Which leads me to thinking about 2022.
Truth be told, the pandemic didn’t really affect me businesswise much. In fact, the market came to me and I was as busy as I have ever been. Let me explain. I, for the most part, am in the ‘framing business.’ Business people who feel like there is something that could be better about their business, even if it is being successful, work with me to try and put their finger on what that could be. Typically, it just means a business needs to view their business from a slightly different point of view <kind of like stepping a bit to the side so they can see some things a bit clearer>. I help frame that view. They see the world as locked and I am a key.

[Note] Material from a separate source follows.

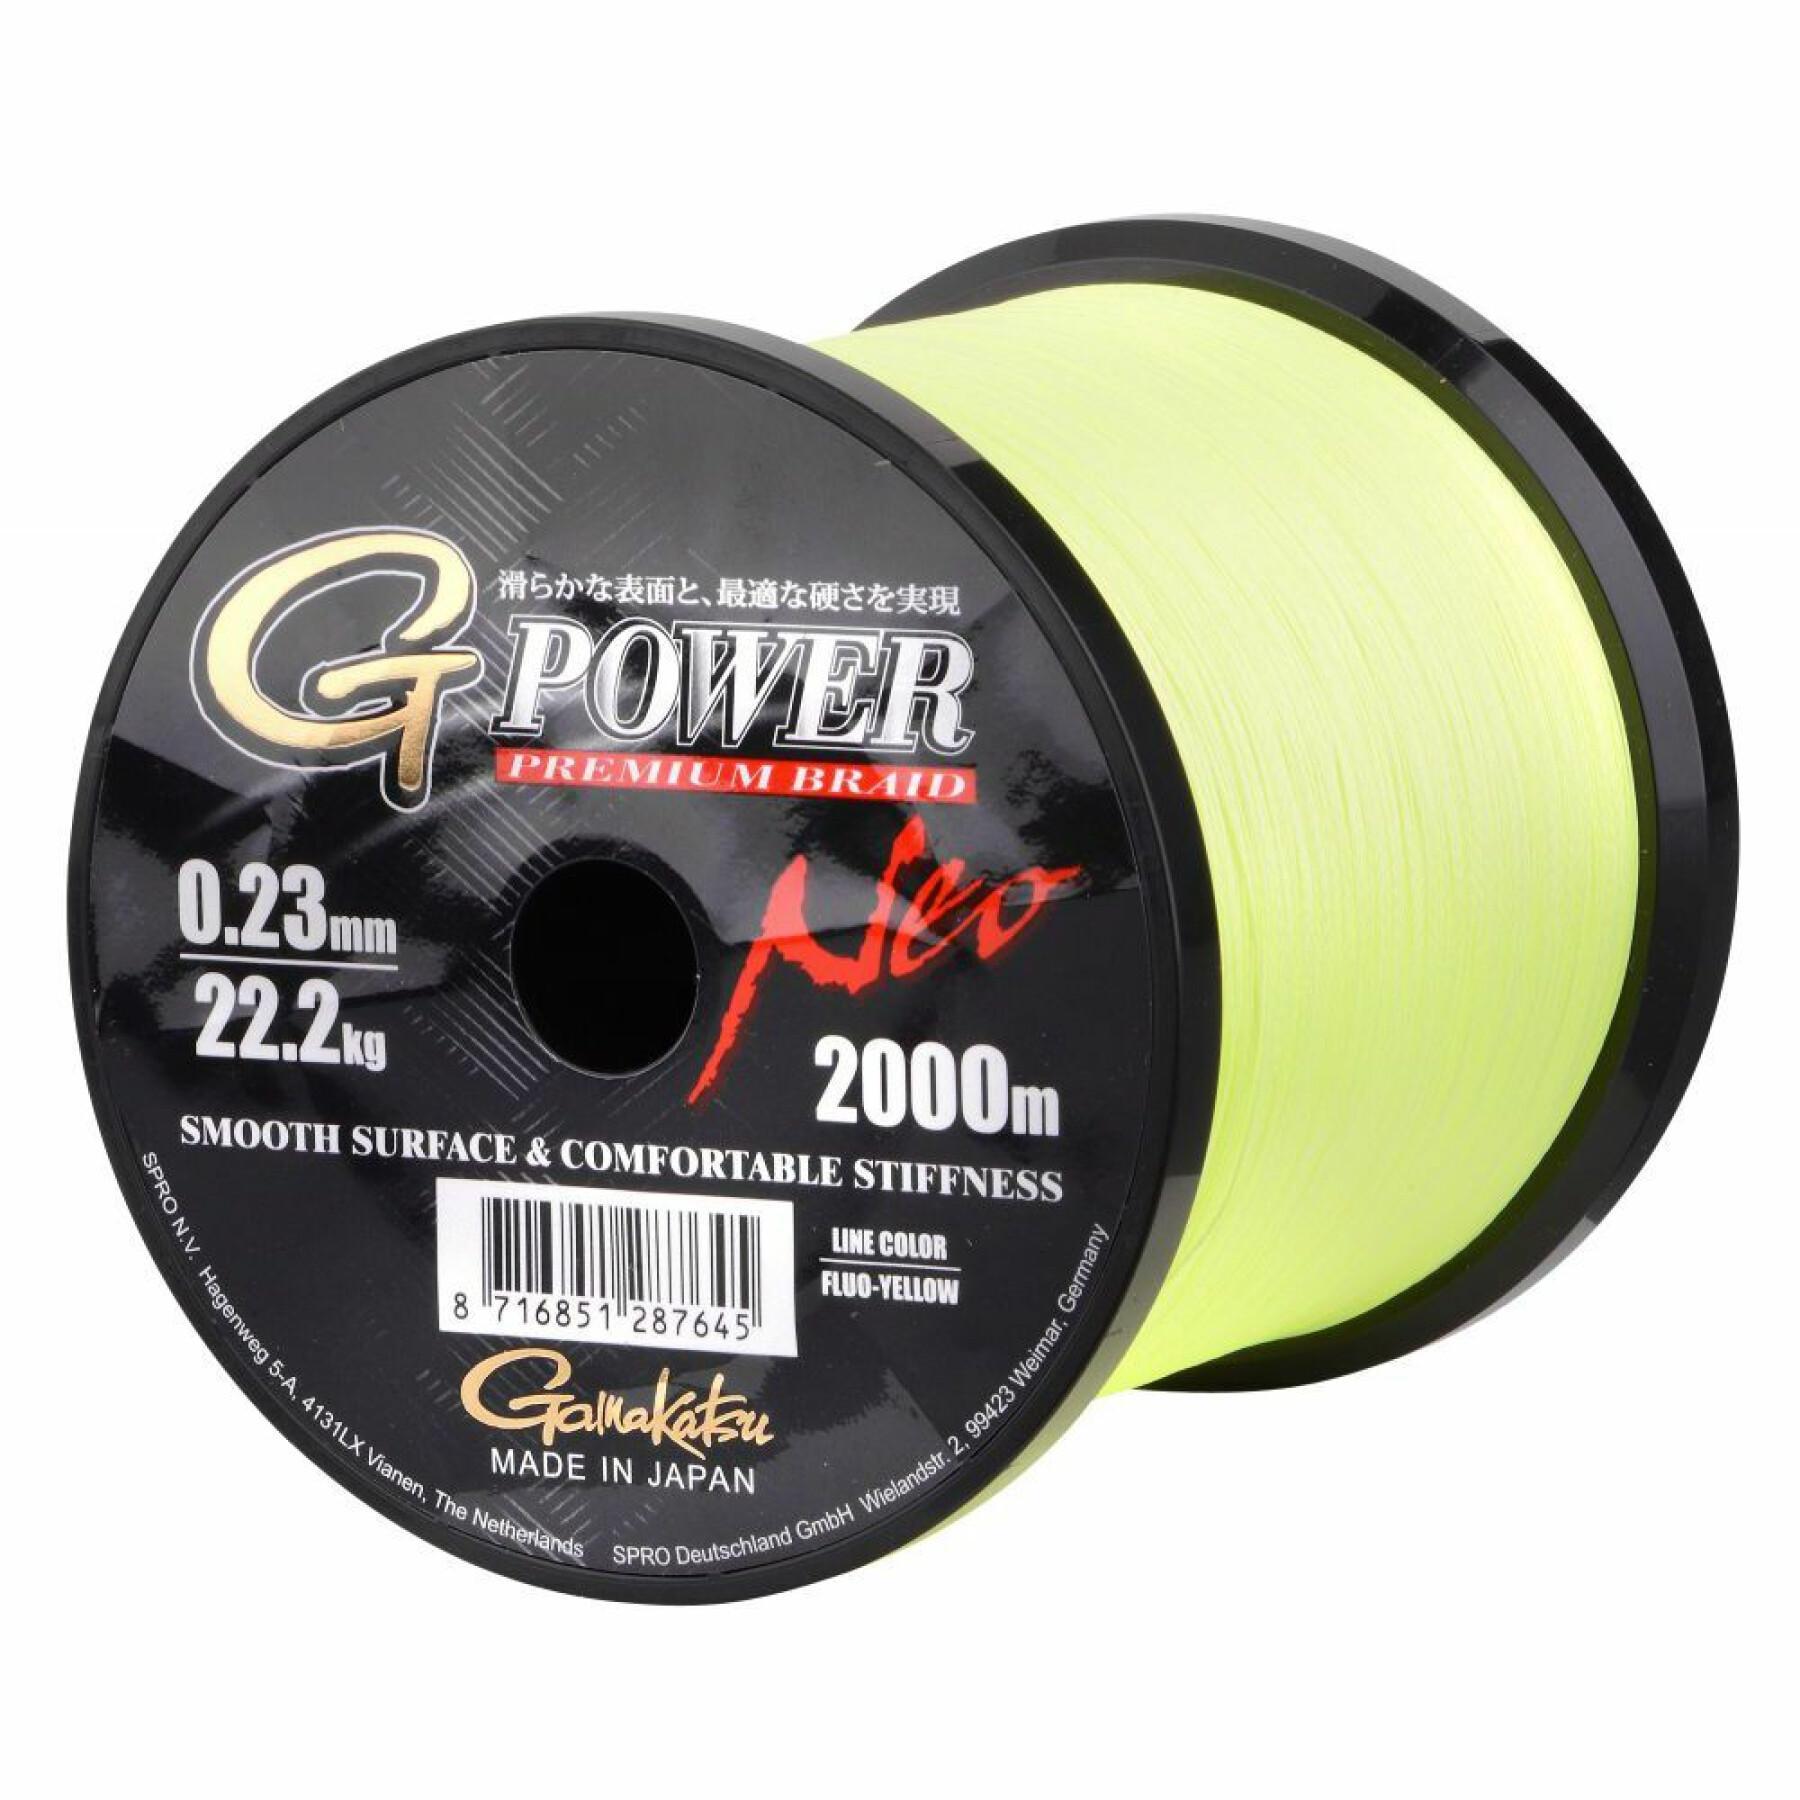 Warkocz Gamakatsu G-Power Yellow PR 2000m

That said. This is more difficult than you may think. While businesses have a rhythm, a cadence, for how they interact with the market, changing a business’s rhythm ain’t easy or for the faint of heart. As noted earlier, a business isn’t one steady rhythm, it’s actually a combination of a number of different beats within the organization working in a coherent fashion to effectively work with a market. As long as the business is effectively effective <in some form or fashion>, well, the beat goes on. The pandemic changed the beat, if not stilled it in some way. The market came to me. The pandemic began reframing the business of doing business to business people. Half my job was done <maybe the most difficult part>.
So, yes, it is my belief that inevitably business is about framing <systems and process and outcomes exist within a frame>.
If you don’t frame what you want to do, hopefully frame the market well <the law of the situation>, and what the market will permit you to pursue effectively, you are screwed. That said. While some people devour technology and other devour ‘humancentric’, I devour the space, the liminal space, in-between. It is in this technology/people inbetween space I devour what Taleb called “half invented ideas.” What I mean by that is I have never really seen the need to create something new when a business seeks to find a new rhythm. The odds are some half-invented ideas laying around in someone’s office or mind having been discarded at some point as ‘not efficient or effective or whatever” or, even easier, the ideas lay in books all of us should have devoured by now from Alvin Toffler, Cluetrain Manifesto, Ralph Stacy, Mary Parker Follett, Drucker and more recently Jaron Lanier, Brian Christian, Bazerman, Flynn Coleman.
Look.
2022 is going to look like an awfully good hand to be played for most businesses. This is opposite the larger business truth that business mostly demands doing the best you can with a bad hand. The issue is, and will remain, what will business compromise within the means to the ends in order to attain the ends it desires? To be clear. Compromise is not a dirty word if it means forestalling a situation worse than what non-compromise would create and, frankly, a lot of leadership work in business is involved in simply preparing for the moments when fortune favors you – moments in which you take the win and take everything you can. In other words, you devour an opportunity in totality. And maybe that is my point for 2022. Opportunities will abound for business and businesses in 2022 and it will be easy for a business to be devoured BY these opportunities. I, on the other hand, believe fortune will inevitably favor the businesses who will grow and become better by devouring opportunities through the means which will stand the test of time. And devouring will not demand any false disruption charlatans, just some good old smart, ethical, thinking.
Have a good 2022 and I hope you learned a lot in 2021. Be the key. Devour.